I brushed paint thinner on the most attractive-looking specimens–
He kept selecting an untainted gourd.
Rankled to no end, I set up traps all over my land–
And he never came back again.
But neither did my customers, fearing I might’ve forgotten
Where ‘xactly I hid all those toothy steel jaws.
Sketchy
Charlie Ehrenhardt
I never saw who it was that snuck up behind me,
And nothing evermore after the bat struck my head.
But I always figured Len Saunders for the slugger,
For my alleged leering at his wife as she strutted to the bank
Each morning while I painted the mural on Kemp’s storefront.
Now as I sit on my front stoop, sketch pad in my lap,
I can hear Len’s voice in the beehive buzz of the passing crowd.
I imagine flaming torches and bobbing pitchforks,
Some local variation on a Universal horror movie.
I work my charcoal, trying to link mind’s eye and muscle memory.
Yet when I press my fingertip to the paper as if it were Brailled
I detect only smoothness, my creation doomed to vagueness.
Meantime the mob rumbles on, noxious with animosity.
I’m guessing that come morning, I won’t be the only one
Here in Grantwood wondering just what have I done.
Doggone
Bob Mendenhall
Whether in self-defense or some beastly sense of territoriality
The monster snapped the neck of Virgil’s German shepherd Kendra
Way back when on the fourteenth of this month.
For two weeks straight the dog’d been bent all out of shape,
Barking seemingly non-stop throughout the night.
Virgil and me had been neighbors for nearly twenty years,
But he wouldn’t listen to me when I kept trying to tell him
He’d best bring the dog inside when it got dark out.
“She watches o’er,” he insisted, and look what happened:
One permanently silenced canine.
Now we’re herding the perpetrator toward the town square;
I happily jab it in the back with the steel fingers of my hoe.
Had the damned thing snuffed out the mutt a day sooner
It would’ve saved me the cost of strip steak and strychnine.
Tome Reader
Heyward “Stacks” Calhoun
Here in the shadowy bowels of Grantwood’s Library
Lie the various volumes to scandalous for circulation,
Such as Ben Thompson’s incendiary slave diary,
And a highly unauthorized biography of Jeremiah Healey.
Not to mention a certain kid-skinned grimoire,
Whose curious lore served as a perfect lure for a lone bibliophile.
That perusal had been on the first night of October,
And so now I shiver as I overhear the shivaree outside.
I take no joy in the passing crowd’s raucousness,
Because I have to wonder if it was my own clumsy pronunciation that
Unwittingly summoned the town’s cthonian antagonist to begin with.
Revival
Abigail St.

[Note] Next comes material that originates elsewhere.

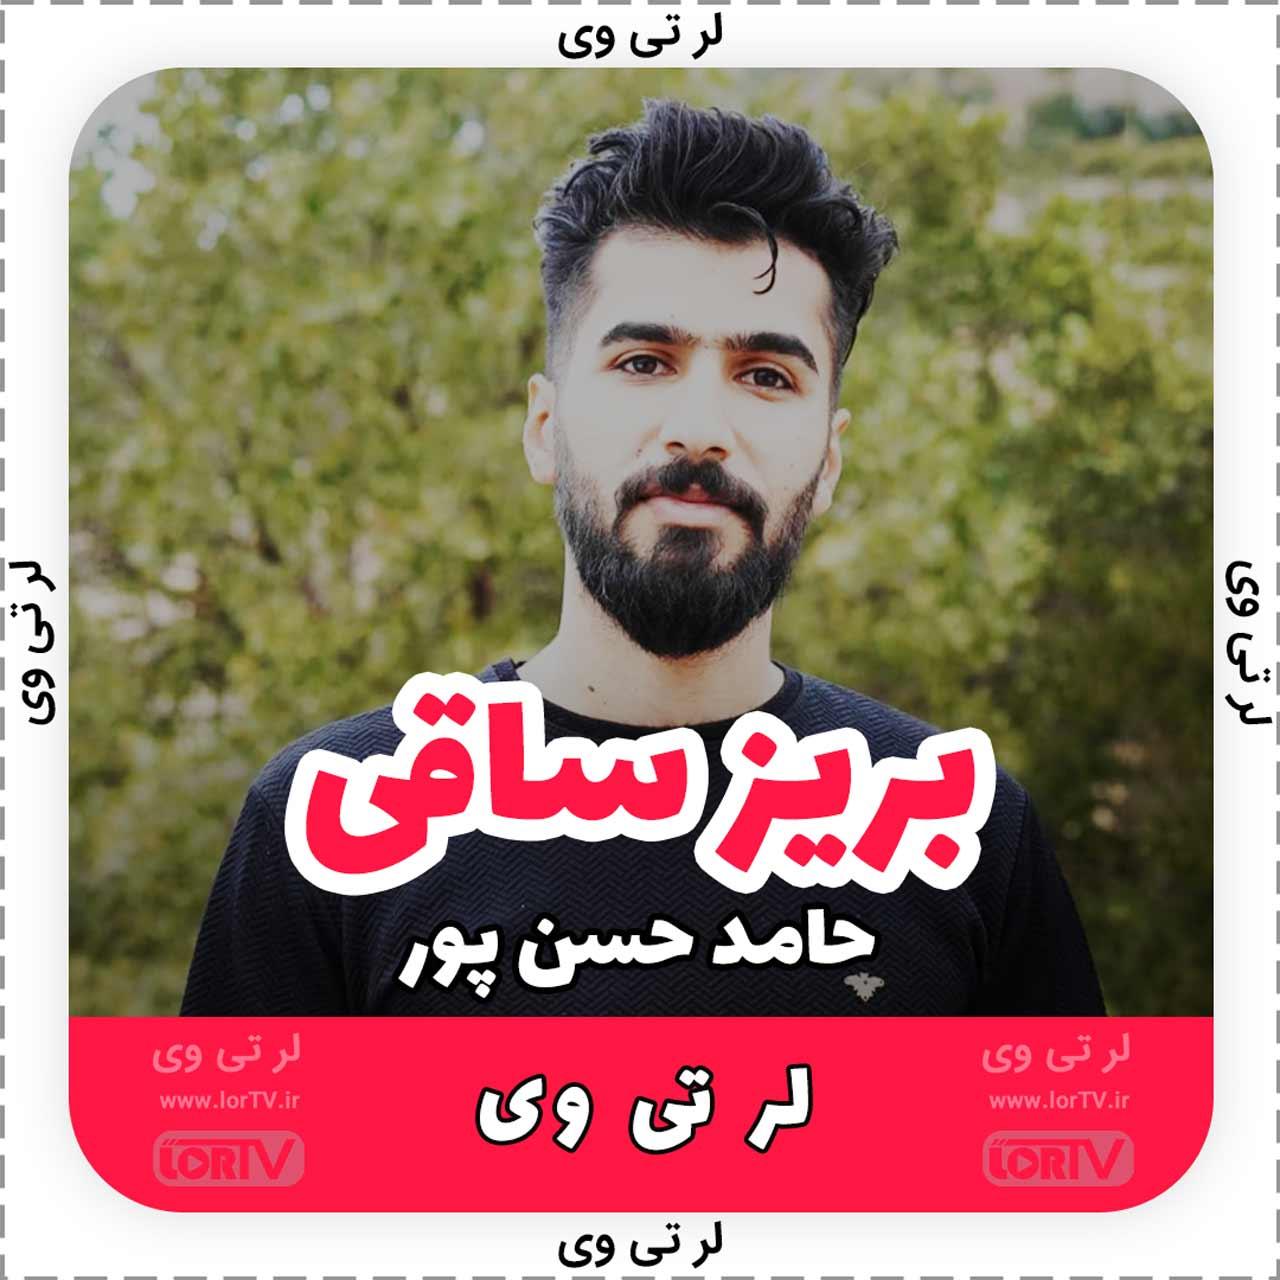 حامد حسن پور بریز ساقی

Clair
“Miss Abby? Whatcha doing over there?” Phil Wheatley calls from his car
When he spots me setting up shop in the middle of the town square:
Thin-legged card table, carafe of cider, plastic cups and cinnamon sticks,
Basketful of the pumpkin muffins I just happened to have been baking.
“Oh, just figured the people in the parade would appreciate some refreshments.”
“Parade?” he echoes, incredulous. Distance and darkness eclipse
Everything but the whites of his teeth, tiny floating ghosts.
“Ma’am, do you understand what’s going on here in town tonight?”
“Well,” I tell him, “I gather there’s going to be a public ceremony held.
So you best move that jalopy outta the way before everyone gets here.”
“Daffy old bat,” he proclaims before stomping the gas pedal.
But I pay him no mind, just settle into the lawn chair I’ve unfolded,
And sit here waiting, anticipating the start of the festivities.
God, it’s been ages since Grantwood hosted a good lynching.